◆ **DATA EXCERPTS**
######

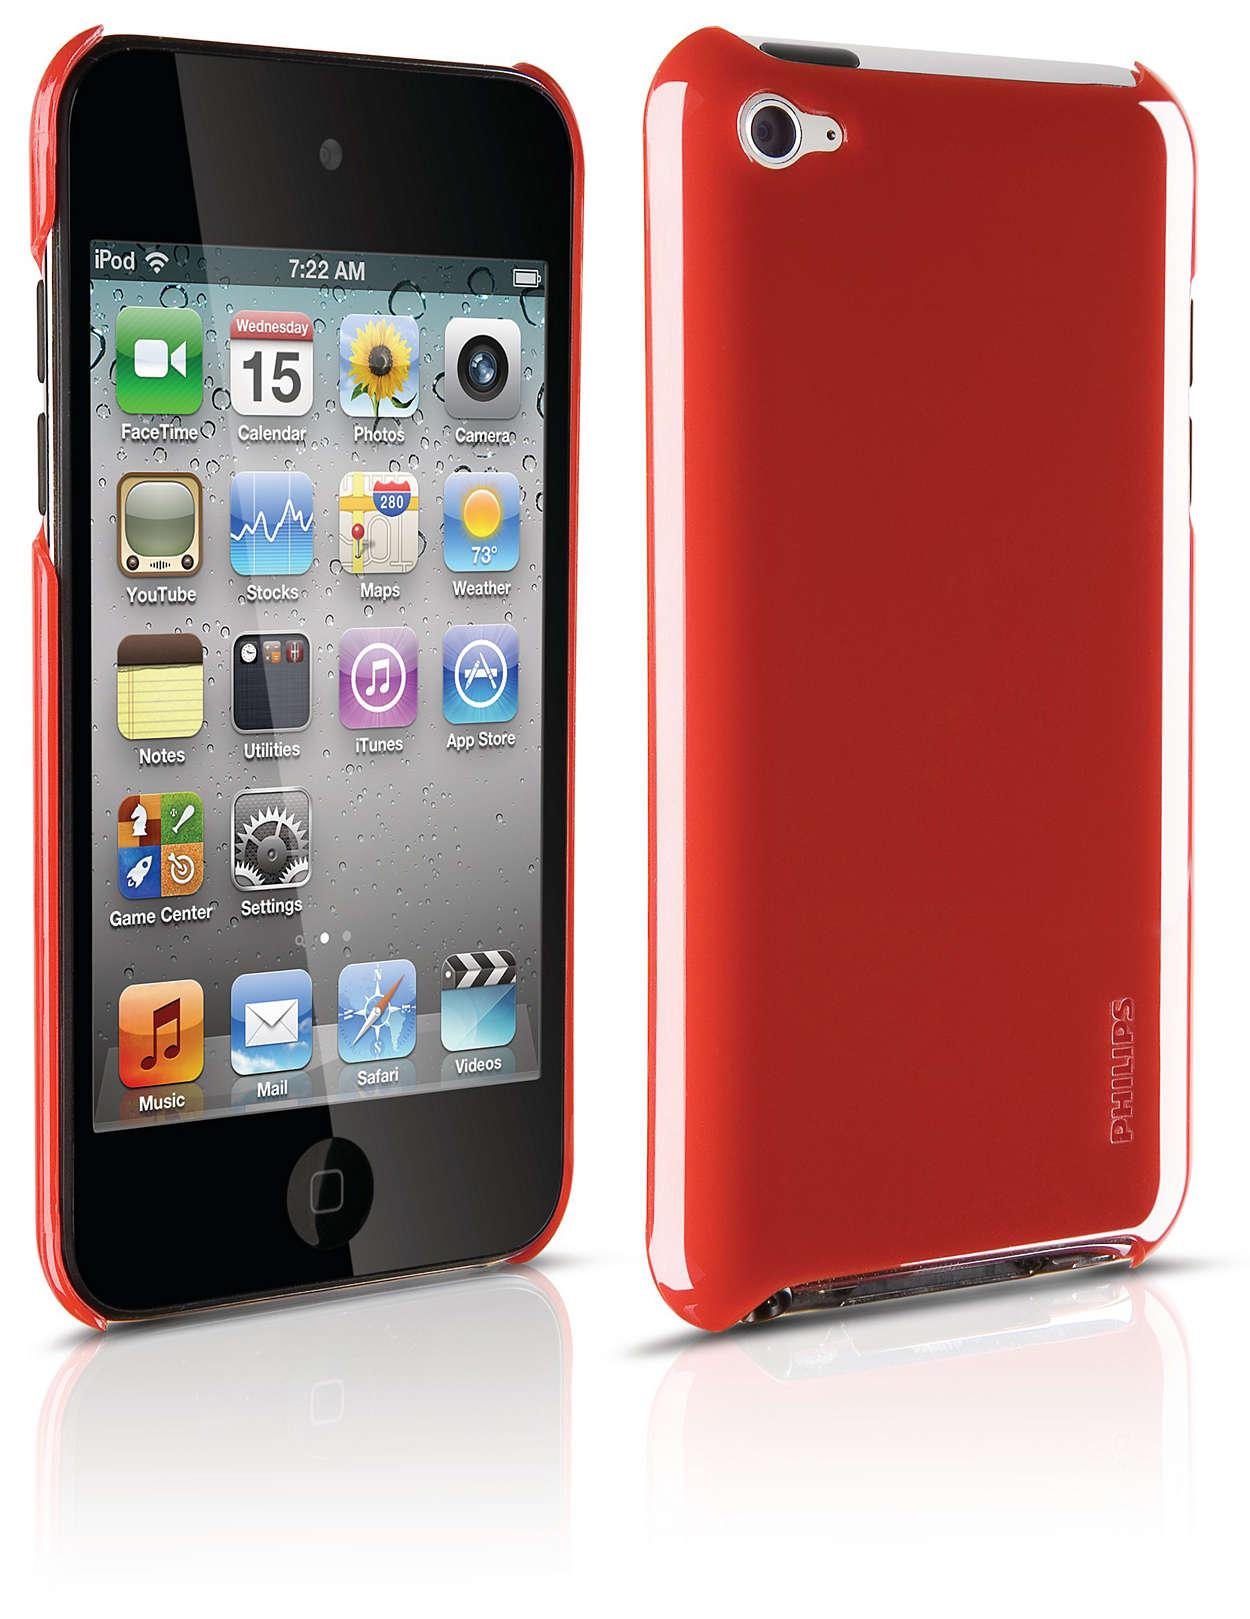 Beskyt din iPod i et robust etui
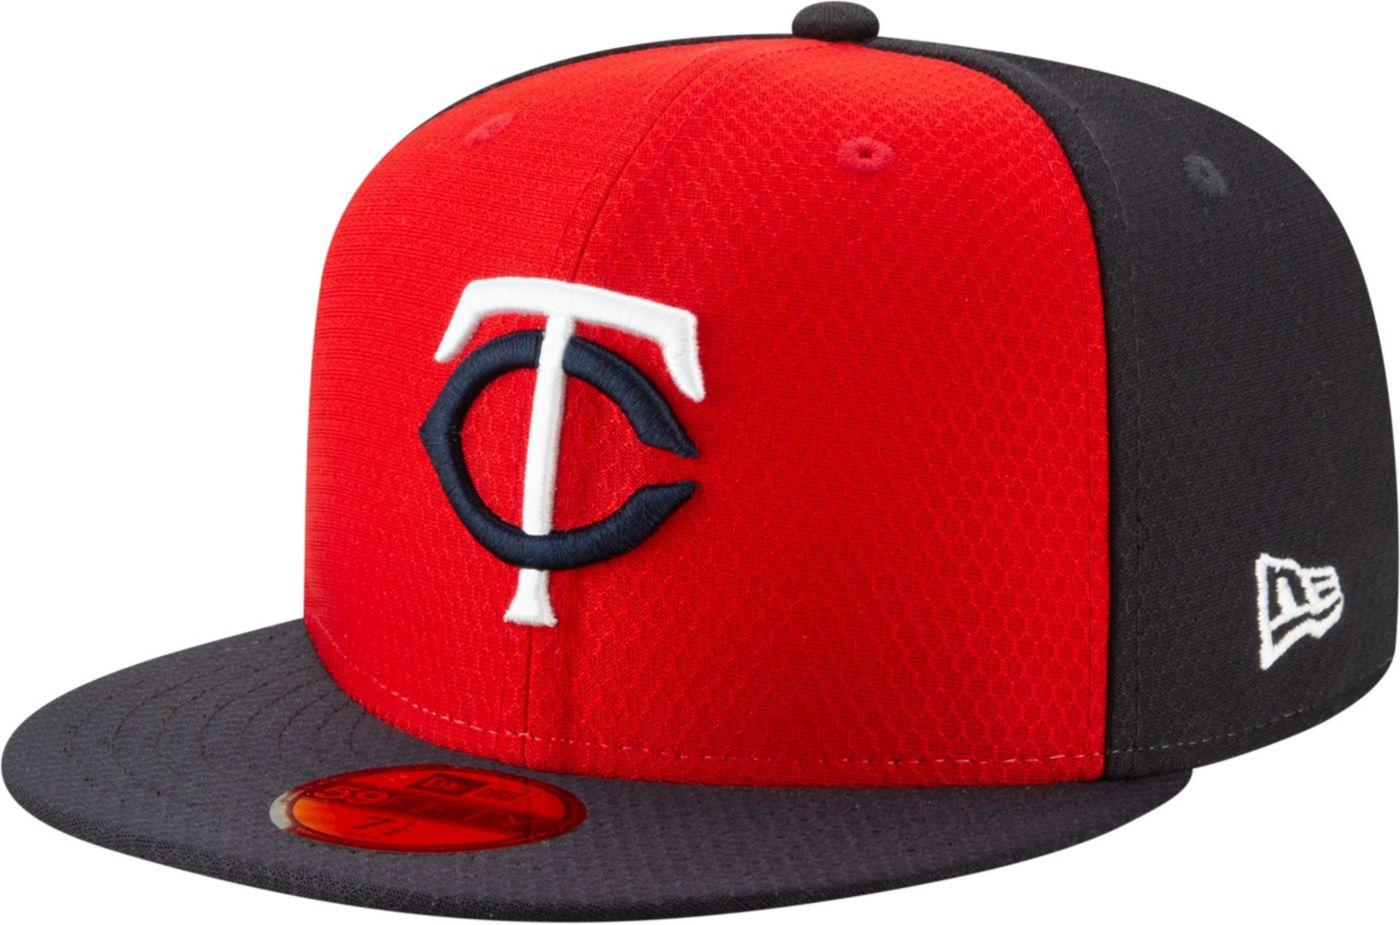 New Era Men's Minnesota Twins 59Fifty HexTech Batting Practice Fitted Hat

######

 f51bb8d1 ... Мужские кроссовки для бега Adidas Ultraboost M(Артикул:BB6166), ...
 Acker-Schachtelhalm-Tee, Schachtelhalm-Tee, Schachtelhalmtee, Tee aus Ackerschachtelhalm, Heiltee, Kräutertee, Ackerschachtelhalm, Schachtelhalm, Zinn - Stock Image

######

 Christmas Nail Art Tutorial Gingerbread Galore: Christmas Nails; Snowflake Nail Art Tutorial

######

◆ **ASSIGNMENT**
Given the listing above, repeat exactly the lines starting at the one with "Beskyt din iPod i et robust etui" and ending at the one with "New Era Men's", inclusive, excluding pictures.

◆ **WRITTEN SOLUTION**
 Beskyt din iPod i et robust etui
 New Era Men's Minnesota Twins 59Fifty HexTech Batting Practice Fitted Hat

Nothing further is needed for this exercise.